Worker bees around a queen

Worker bees around a queen

(The Telegraph) Until the 1950s, what causes the workers to produce a new queen to replace one which is failing, or has been lost, was a mystery.

As any beekeeper will know, when a queen is removed from a colony the behaviour of workers changes from a state of organised activity to one of restlessness. After a few hours, they will have modified one or more cells containing female larvae into emerging queen cells.

Colin Butler, who has died aged 102, was one of the world’s most distinguished entomologists and was credited with the discovery of a pheromone known as “queen substance”, a scientific breakthrough which transformed our understanding of the social behaviour of bees.

Traditionally, beekeepers assumed that the queen must emit some sort of odour which keeps workers aware of her continued presence, the absence of which causes them to begin rearing new queens. To test this theory, Butler placed a queen in the middle of her hive in a wire gauze cage, so that surrounding bees could not touch her, and found that the workers began to behave as if they had lost her, rearing new queens.

He concluded that some sort of physical or chemical signals from the queen to keep the colony loyal were being transmitted, not through smell, but through physical contact with the few workers attending her. No one had reported seeing any physical signals, so the latter theory, that the queen emits some sort of chemical substance, seemed the more plausible.

Butler then compared the behaviour of workers that had left the queen after licking the special wax which covers the queen bee’s body, with those of other workers which had examined her body with antennae, but not licked her. Each of the bees that had licked her body offered regurgitated food to other colony members within the first five minutes of licking her, while the other bees did not.

In other experiments he observed that if a queen was rubbed with a piece of cotton wool, the cotton wool became as attractive to worker bees as the queen herself.

He also found that the number of bees which any given queen can inhibit from rearing new queens varies quantitatively with the amount of contact allowed between queen and workers; and when material from the digestive tracts of workers which had licked the queen was added to the drinking water of groups of queen-less bees, the ovaries of those bees developed much less than control bees without the additive.

honeybees swarming

honeybees swarming

His conclusion was that of all the factors that keep members of a colony of bees together, “the strong desire for ‘queen substance’ is probably the most important”. He went on to show that queen substance is produced in the mandibular glands of the queen, and in 1959 a collaboration with Robert Kenneth Callow led to its identification as 9-oxodec-trans-2-enoic acid.

They also showed that this acted as the sex-attractant for drones when deployed at about 10 metres above the ground, the height at which queens fly on their “nuptial flight”, the first demonstration of a sex-attractant pheromone.

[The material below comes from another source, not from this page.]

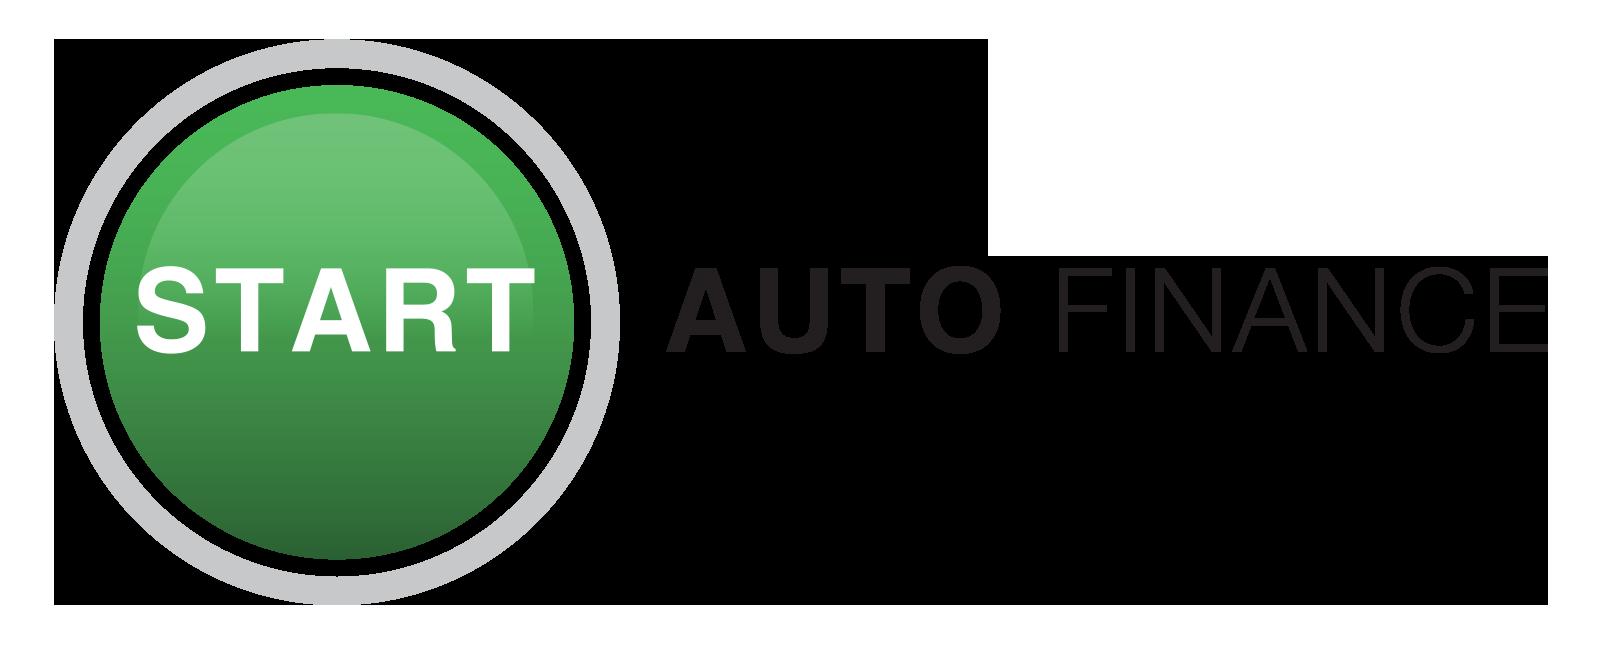 start-auto-finance-logo

In 1955 Butler suggested that “either a deficiency in the amount of queen substance available, or, perhaps, a breakdown in its collection and subsequent distribution plays an important part in the phenomenon of swarming”, when a honeybee colony divides to produce two colonies and which can be a headache for beekeepers.

The discovery of queen substance raised hopes that synthetic chemicals might be developed to control swarming and Butler went so far as to get a patent on synthetic “queen substance” with the idea of marketing it for swarm suppression and to facilitate the introduction of replacement queens into unwilling honey bee colonies, and also as a possible human contraceptive.

Unfortunately, he was wrong. Bees still swarmed and it had no action in humans. He concluded that other factors, perhaps even psychological reasons, were involved. The mechanisms of swarming remain something of a mystery to this day.